Terrible headed for the stand of trees just outside the fence. She watched him tear a new hole in the chain links and slip through it. Odd how such a big man managed to move so stealthily, but then in his line of work he’d need it. She wasn’t the only person who’d ever been surprised to find him standing right in front of her, just the only one for whom the experience ended without broken bones.
Meanwhile she kept the light focused on the piece of gold, afraid that if she looked away it would change into something else or disappear. Some people might think such a thing impossible, but she knew better.
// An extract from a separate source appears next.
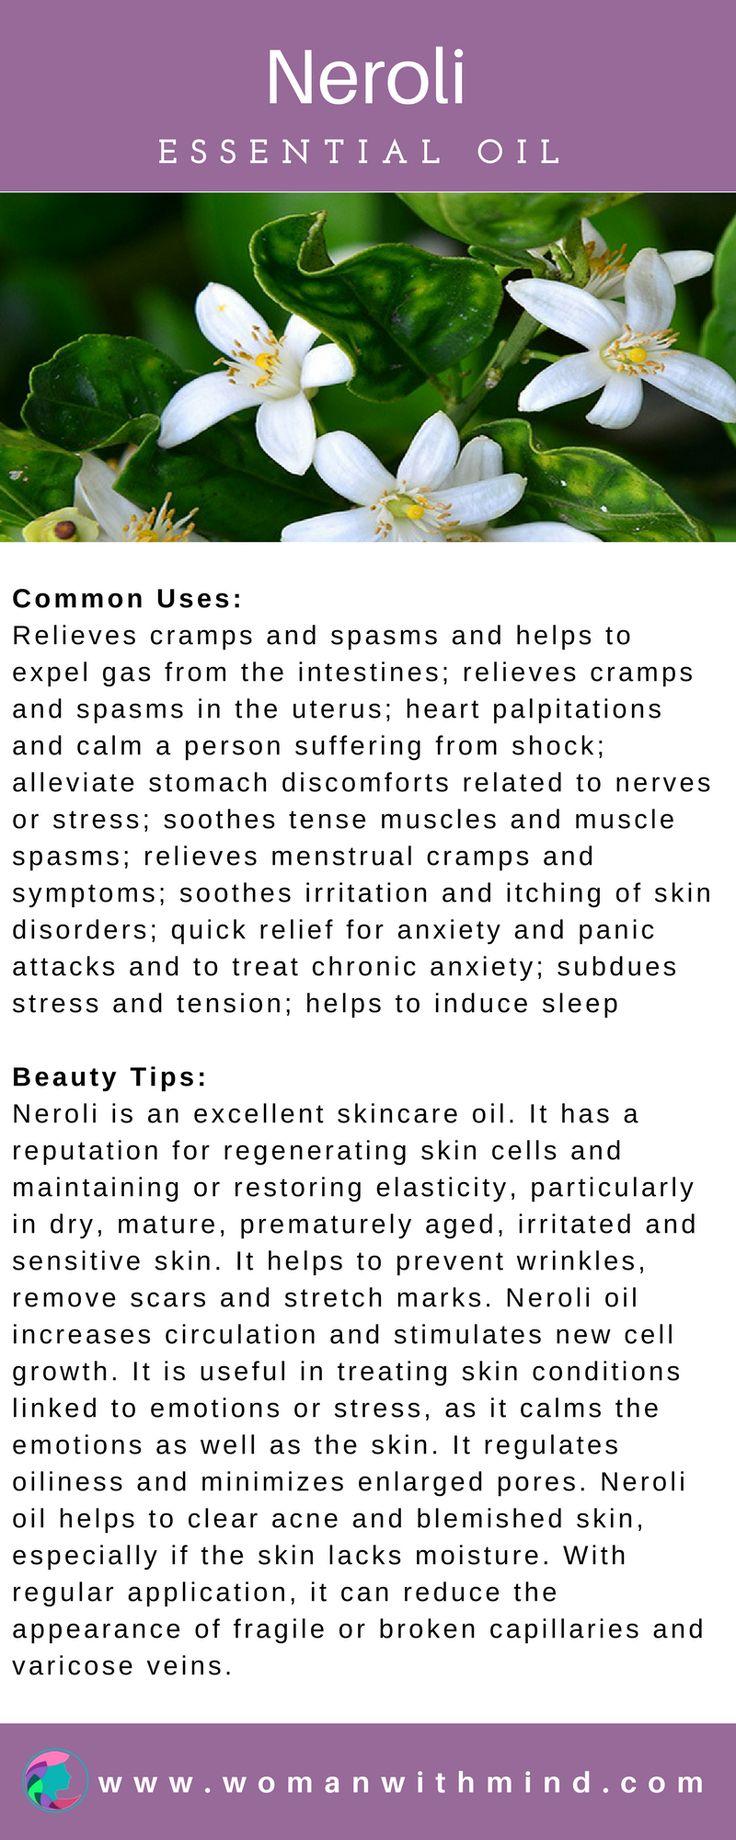 Neroli Essential Oil Guide & Application #essentialoils #diybeauty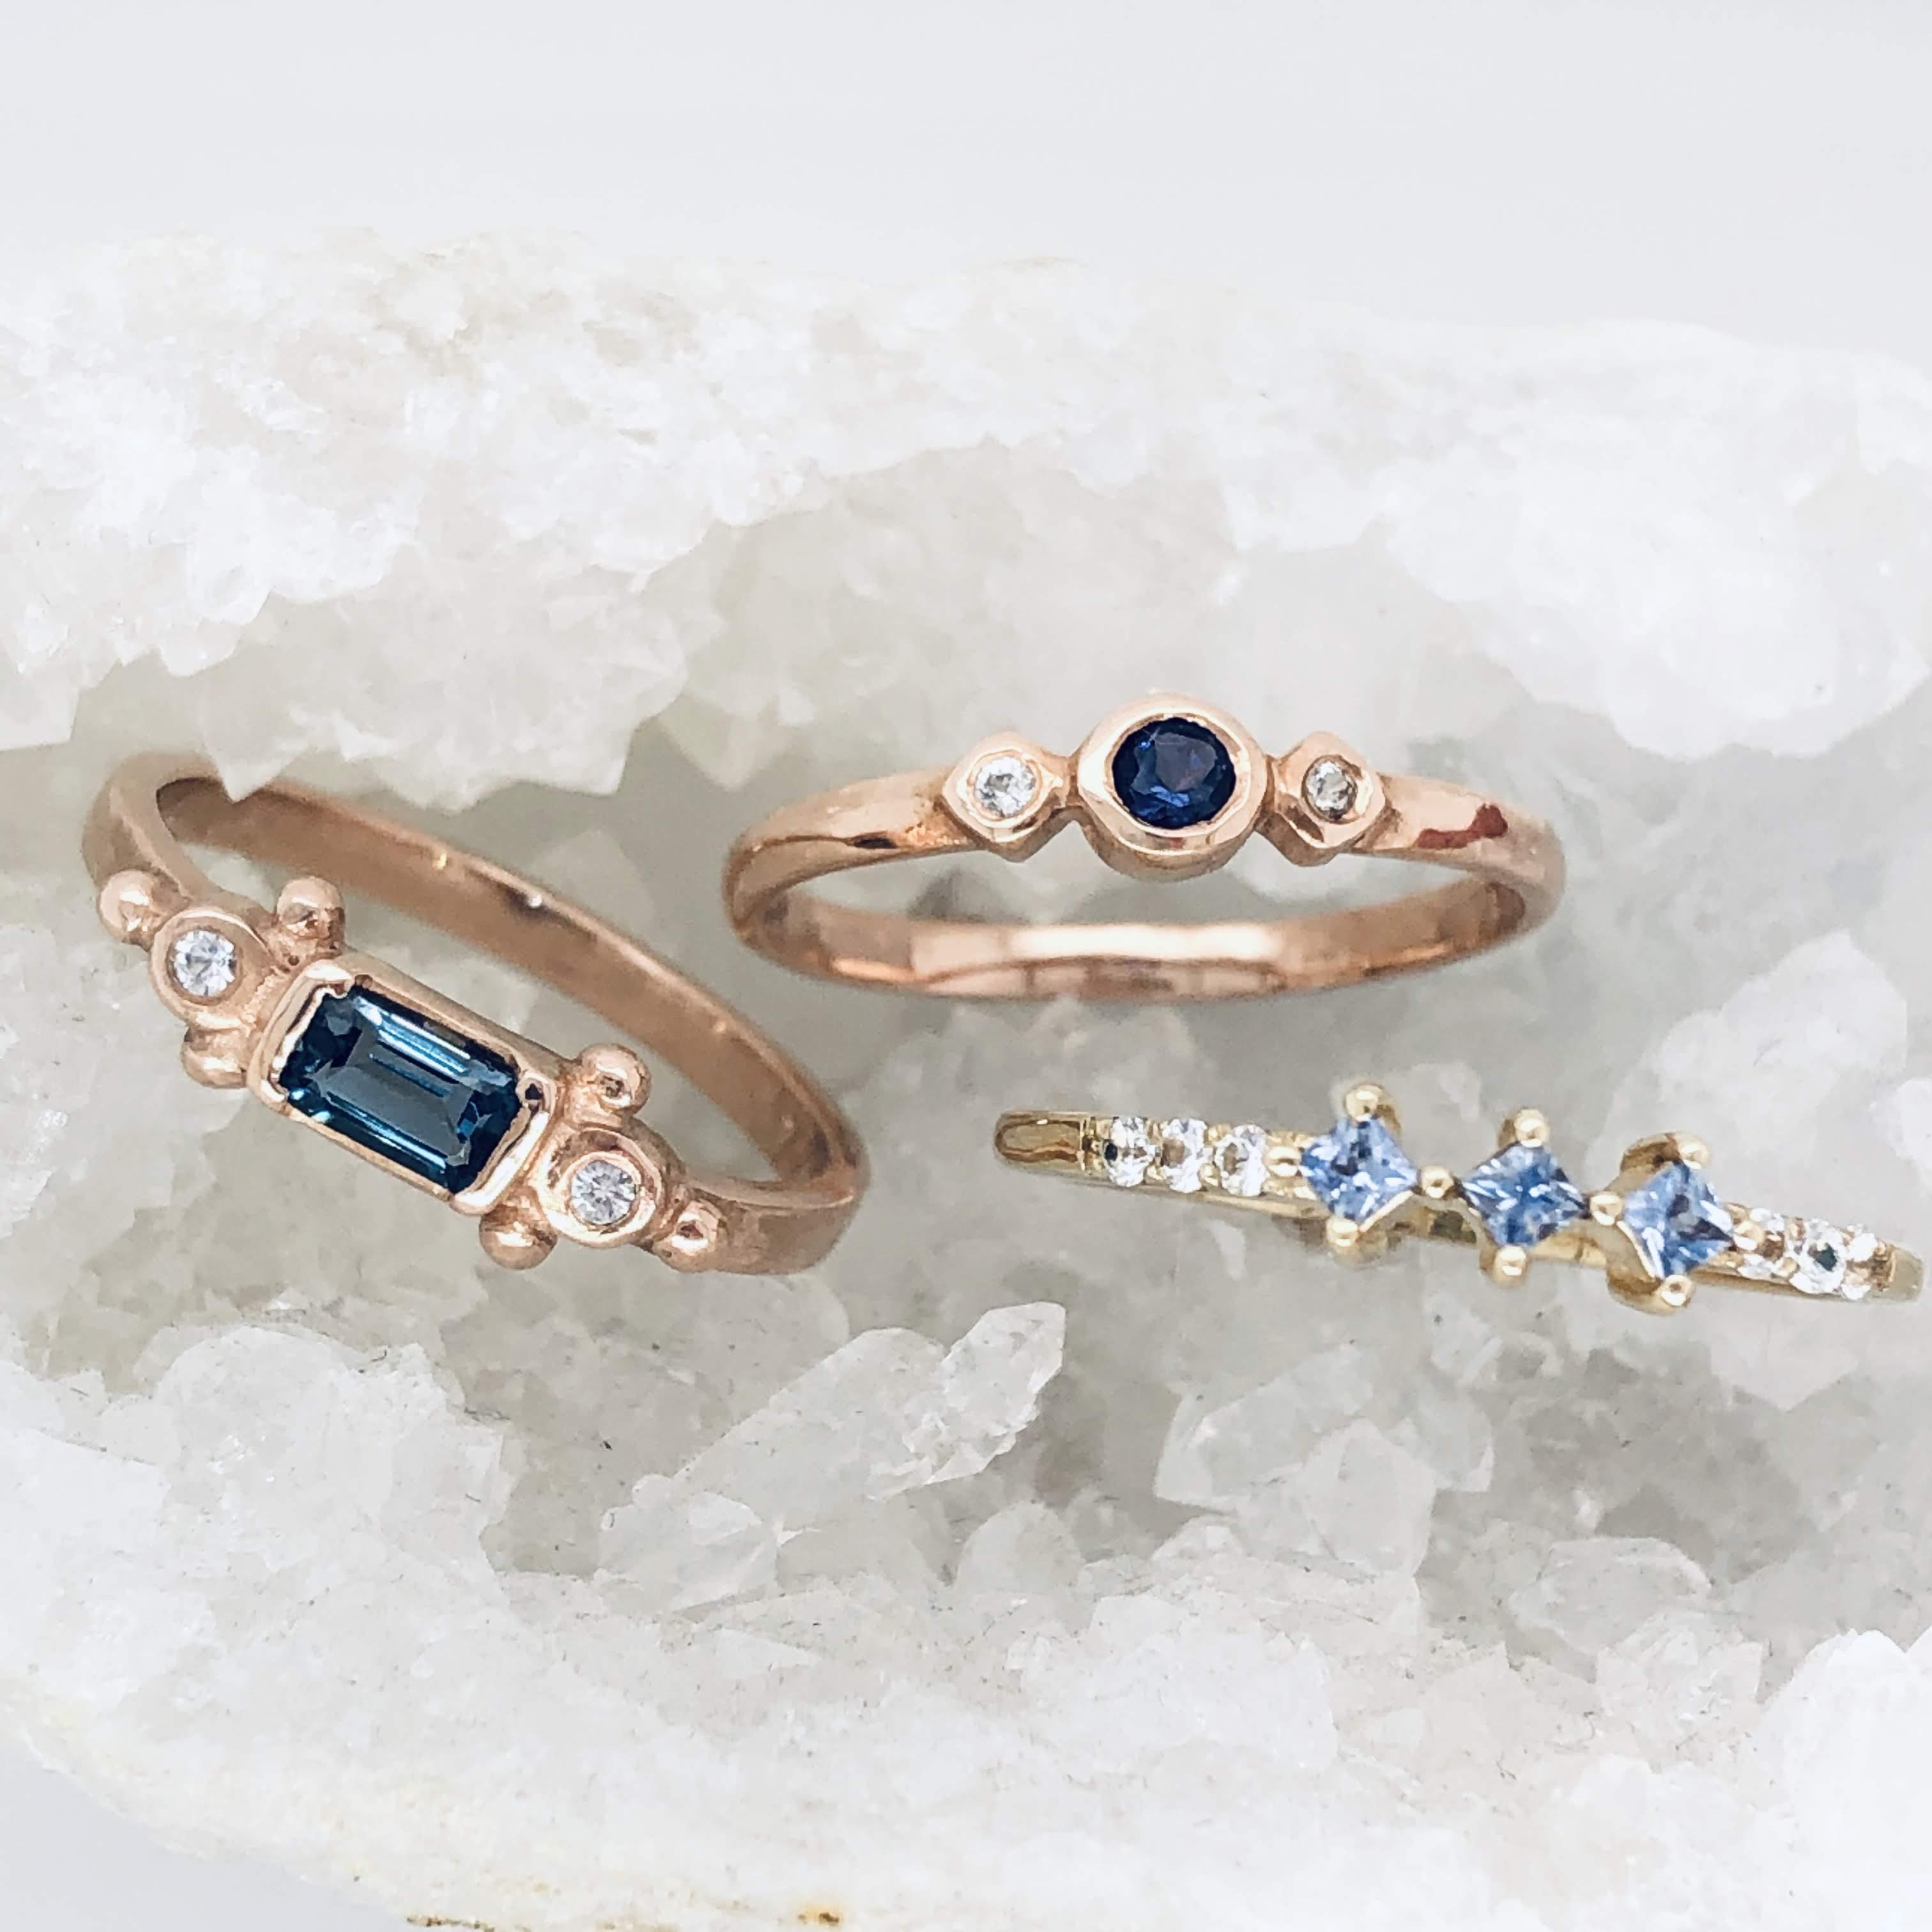 Thumbnail: CHARLOTTE - Ceylon Sapphire

With magic almost anything was possible; all objects had energy, and energy could be manipulated.
Funny how much cleaner the air tasted out here, only fifteen miles or so from Downside but away from the constant fires, the crowds, and the slaughter house. Even with the faint garbage odor wafting under her nose whenever the wind changed, it felt more like country than city, and she couldn’t remember the last time she’d been out of the city on her free time. For that matter she couldn’t remember the last time she’d been out of her apartment on her free time, save to buy food or score. What was the point?